December 9, 2023

The Dusky Maiden’s Lair


Not thirty minutes after he returned from church services in Sedona where the singing of Amazing Grace helped him and his fellow congregates celebrate what successful wretches they were, James Whitsell, our long-time neighbor and friend, did the most wretched thing of his life: he died.

Now, given the assumed advantage of popping off when one is primed with repentance, it might be considered fortunate in most circles to expire upon one’s return from church, or, as in James’ case, shortly after. And we Islanders are not such hardened souls as to deny a man improving his chances any chance he gets; although in Jim’s case, the love and respect of fellow Islanders might have been all the recommendation needed.

Our concern was not so much for the man himself as his legacy, a lifetime collection of National Geographic magazines for which he had left no disposition instructions. Stored helter skelter, these magazines continued in unabated profusion throughout the attic, basement, and living areas of Jim’s house. Nor was it that the men of Doodlebug Island felt an aversion to the cleanup. No, it was more closely tied to a certain amount of guilty nostalgia which militated against discarding those things which had contributed so largely to our early education. For as boys, we had made use of the collection. Indeed, much of our youth was misspent there. The latter is entirely accurate, for though we learned a great deal about the geography of the world, its astonishing variety of cultures, its natural resources, and scenic wonders, we learned even more from the pictures of semi-nude African women whose casual attitude regarding dress taught us much about the female anatomy–an interest which had formed earlier when we thumbed through the lingerie sections of the Sears catalogs at our parents’ houses.

Actually, each was reference to the other because the nude women in the Geographic were mostly long limbed and dark skinned, while Sears models were more plump and fair.
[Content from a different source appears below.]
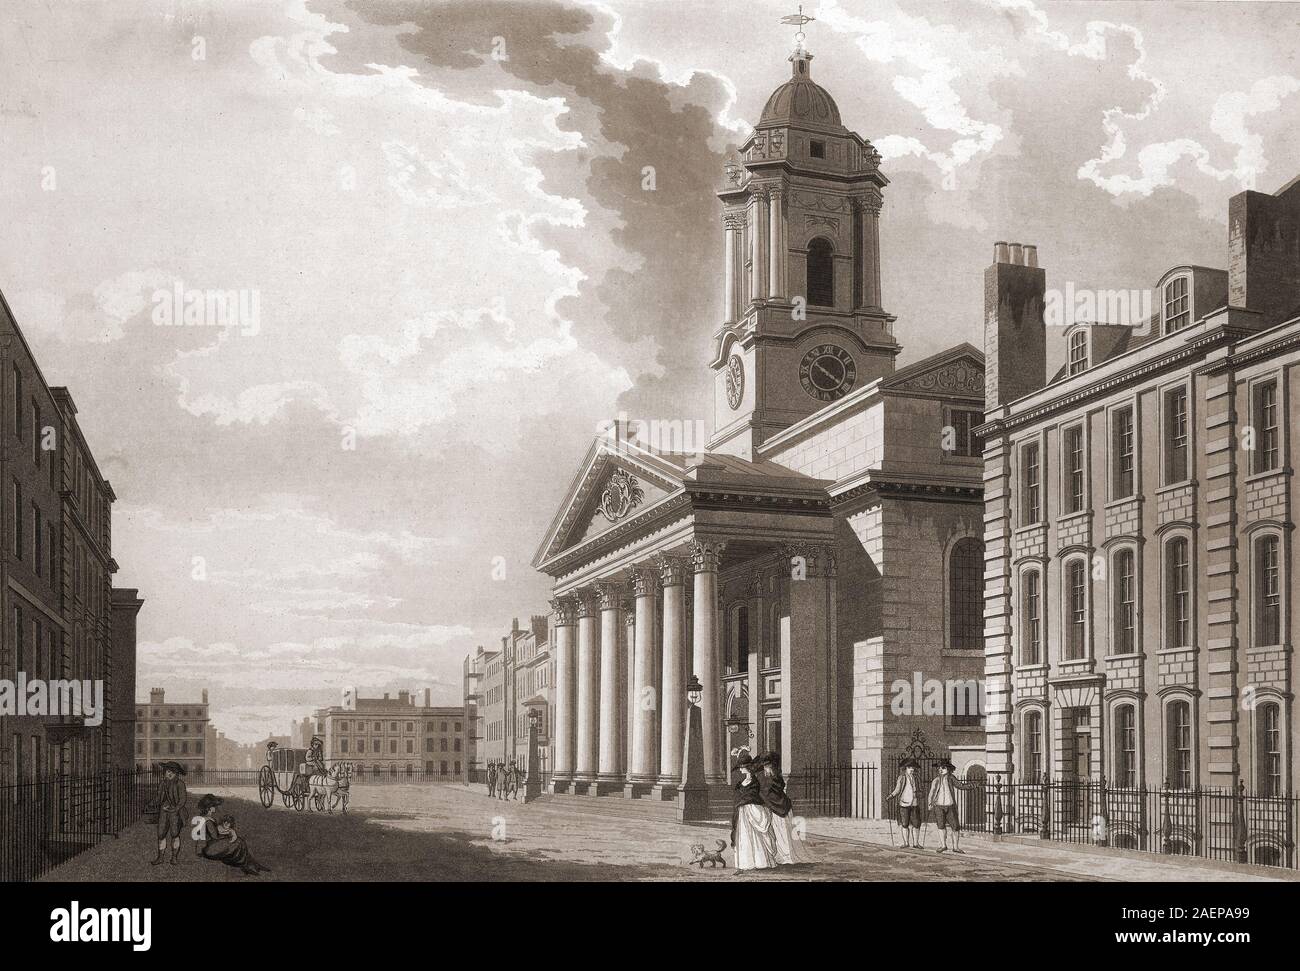 Kirche von St George's Hannover Square, Aquatinta, von T.Malton. 1787, London, England, Großbritannien Stockfoto

Still, equipped with imagination and with ample time, we had little difficulty in transposing one to the other. Thus armed with two-dimensional knowledge of the human anatomy–at least the female anatomy–we advanced into adolescence and to the next challenge: trying to infer information regarding girls’ periods from Kotex commercials.

The fuzziness of that thinking helped us misinform each other in wholesale fashion regarding the intricacies of sex and the complexities of those wondrous creatures with whose affections we looked forward to dallying. That is, if the word “affections” is broad enough to cover all the things we had in mind.

Oh, we knew guilt! The first concerned that “forbidden fruit” thing so deliciously tempting as to risk hell many times over. The second involved betraying Jim’s trust. For he believed us virtuous, and it gave him pleasure to share his collection. He would pour over maps of exotic places with us, or help us find information for school projects, or try his best to interest us in sociological events. Our feigned interest in such things masked our real purpose which always ran to the more lurid, the prurient, the lascivious.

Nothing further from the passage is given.